A first tokenizer: sequences of letters

In [3]:
pattern1 = r'\p{L}+'


In [4]:
re.findall(pattern1, text)


['Tell',
 'me',
 'O',
 'muse',
 'of',
 'that',
 'ingenious',
 'hero',
 'who',
 'travelled',
 'far',
 'and',
 'wide',
 'after',
 'he',
 'had',
 'sacked',
 'the',
 'famous',
 'town',
 'of',
 'Troy']

Let us add the other characters

In [5]:
pattern2 = r'\p{L}+|[^\s\p{L}]+'


In [6]:
re.findall(pattern2, text)


['Tell',
 'me',
 ',',
 'O',
 'muse',
 ',',
 'of',
 'that',
 'ingenious',
 'hero',
 'who',
 'travelled',
 'far',
 'and',
 'wide',
 'after',
 'he',
 'had',
 'sacked',
 'the',
 'famous',
 'town',
 'of',
 'Troy',
 '.']

The numbers

In [7]:
pattern3 = r'\p{L}+|\p{N}+|[^\s\p{L}\p{N}]+'


In [8]:
re.findall(pattern3, text)


['Tell',
 'me',
 ',',
 'O',
 'muse',
 ',',
 'of',
 'that',
 'ingenious',
 'hero',
 'who',
 'travelled',
 'far',
 'and',
 'wide',
 'after',
 'he',
 'had',
 'sacked',
 'the',
 'famous',
 'town',
 'of',
 'Troy',
 '.']

And the punctuation as separate tokens

In [9]:
pattern4 = r'\p{L}+|\p{N}+|\p{P}|[^\s\p{L}\p{N}\p{P}]+'


In [10]:
re.findall(pattern4, text)


['Tell',
 'me',
 ',',
 'O',
 'muse',
 ',',
 'of',
 'that',
 'ingenious',
 'hero',
 'who',
 'travelled',
 'far',
 'and',
 'wide',
 'after',
 'he',
 'had',
 'sacked',
 'the',
 'famous',
 'town',
 'of',
 'Troy',
 '.']

### Using boundaries: A first tokenizer

In [11]:
pattern5 = r'\s+'


In [12]:
re.split(pattern5, text)


['Tell',
 'me,',
 'O',
 'muse,',
 'of',
 'that',
 'ingenious',
 'hero',
 'who',
 'travelled',
 'far',
 'and',
 'wide',
 'after',
 'he',
 'had',
 'sacked',
 'the',
 'famous',
 'town',
 'of',
 'Troy.']

Keeping the punctuation

In [13]:
pattern6 = r'([\p{S}\p{P}]+)'


In [14]:
re.split(
    pattern5,
    re.sub(pattern6, r' \1 ', text))


['Tell',
 'me',
 ',',
 'O',
 'muse',
 ',',
 'of',
 'that',
 'ingenious',
 'hero',
 'who',
 'travelled',
 'far',
 'and',
 'wide',
 'after',
 'he',
 'had',
 'sacked',
 'the',
 'famous',
 'town',
 'of',
 'Troy',
 '.',
 '']

In [15]:
list(filter(None, re.split(
    pattern5,
    re.sub(pattern6, r' \1 ', text))))


['Tell',
 'me',
 ',',
 'O',
 'muse',
 ',',
 'of',
 'that',
 'ingenious',
 'hero',
 'who',
 'travelled',
 'far',
 'and',
 'wide',
 'after',
 'he',
 'had',
 'sacked',
 'the',
 'famous',
 'town',
 'of',
 'Troy',
 '.']

## Reading a corpus

In [16]:
import requests
text_copyright = requests.get(
    'http://classics.mit.edu/Homer/iliad.mb.txt').text


This text includes a copyright that we want to exclude from the counts

In [17]:
text_copyright[:70]


'Provided by The Internet Classics Archive.\nSee bottom for copyright.
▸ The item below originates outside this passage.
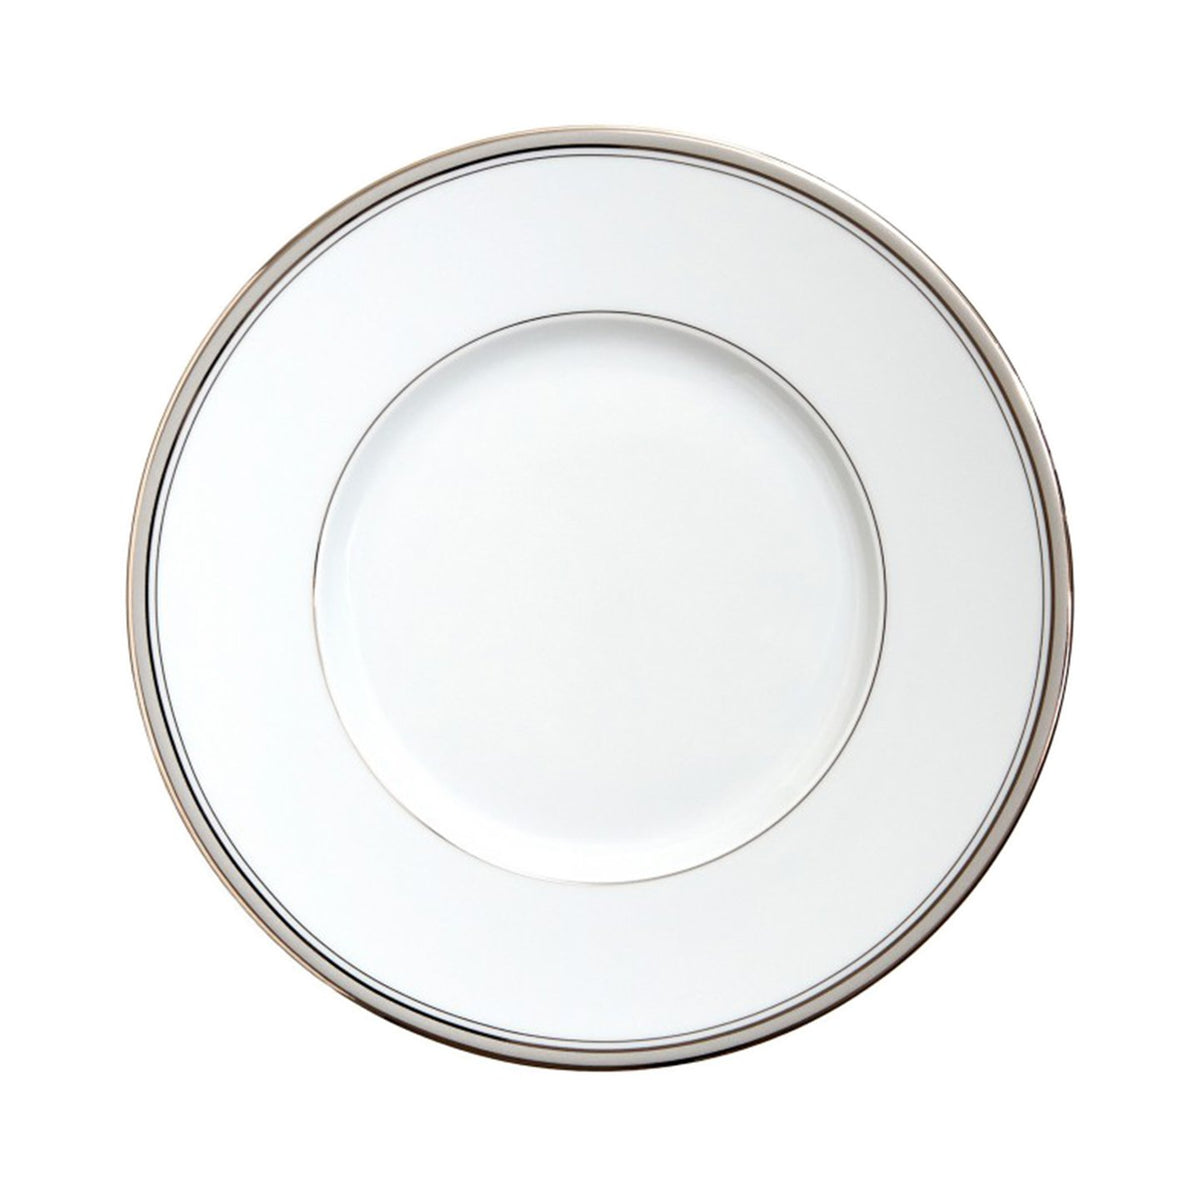 Excellence Grey Dinner Plate

A'

We remove the copyright header and footer before and after dashed line

In [18]:
text = re.search(r'^-+$(.+)^-+$',
                 text_copyright, re.M | re.S).group(1).strip()


In [19]:
text


'BOOK I\n\nSing, O goddess, the anger of Achilles son of Peleus, that brought\ncountless ills upon the Achaeans. Many a brave soul did it send hurrying\ndown to Hades, and many a hero did it yield a prey to dogs and vultures,\nfor so were the counsels of Jove fulfilled from the day on which the\nson of Atreus, king of men, and great Achilles, first fell out with\none another. \n\nAnd which of the gods was it that set them on to quarrel? It was the\nson of Jove and Leto; for he was angry with the king and sent a pestilence\nupon the host to plague the people, because the son of Atreus had\ndishonoured Chryses his priest. Now Chryses had come to the ships\nof the Achaeans to free his daughter, and had brought with him a great\nransom: moreover he bore in his hand the sceptre of Apollo wreathed\nwith a suppliant\'s wreath and he besought the Achaeans, but most of\nall the two sons of Atreus, who were their chiefs. \n\n"Sons of Atreus," he cried, "and all other Achaeans, may the gods\nwho 

Unquote to use a corpus of novels by Selma Lagerlöf

In [20]:
"""
file_name = '../../corpus/Selma.txt'
text = open(file_name).read().strip()
text[:100]
"""


"\nfile_name = '../../corpus/Selma.txt'\ntext = open(file_name).read().strip()\ntext[:100]\n"

## Counting and sorting

We redefine the tokenizer

In [21]:
def tokenize(text, pattern=r'\p{L}+'):
    words = re.findall(pattern, text)
    return words


A function to count the words

In [22]:
def count_unigrams(words):
    frequency = {}
    for word in words:
        if word in frequency:
            frequency[word] += 1
        else:
            frequency[word] = 1
    return frequency


We analyze the text

In [23]:
words = tokenize(text.lower())
frequency = count_unigrams(words)
for word in sorted(frequency.keys(), key=frequency.get, reverse=True)[:10]:
    print(word, '\t', frequency[word])


the 	 9948
and 	 6624
of 	 5606
to 	 3329
he 	 2905
his 	 2537
in 	 2242
him 	 1868
you 	 1810
a 	 1807


## Using `Counter`
A Python class to count items in a list

In [24]:
from collections import Counter

counter = Counter(words)


A counter object is a dictionary

In [25]:
counter['hector']


480

That does not raise an exception

In [26]:
counter['computer']


0

In [27]:
counter.most_common(10)


[('the', 9948),
 ('and', 6624),
 ('of', 5606),
 ('to', 3329),
 ('he', 2905),
 ('his', 2537),
 ('in', 2242),
 ('him', 1868),
 ('you', 1810),
 ('a', 1807)]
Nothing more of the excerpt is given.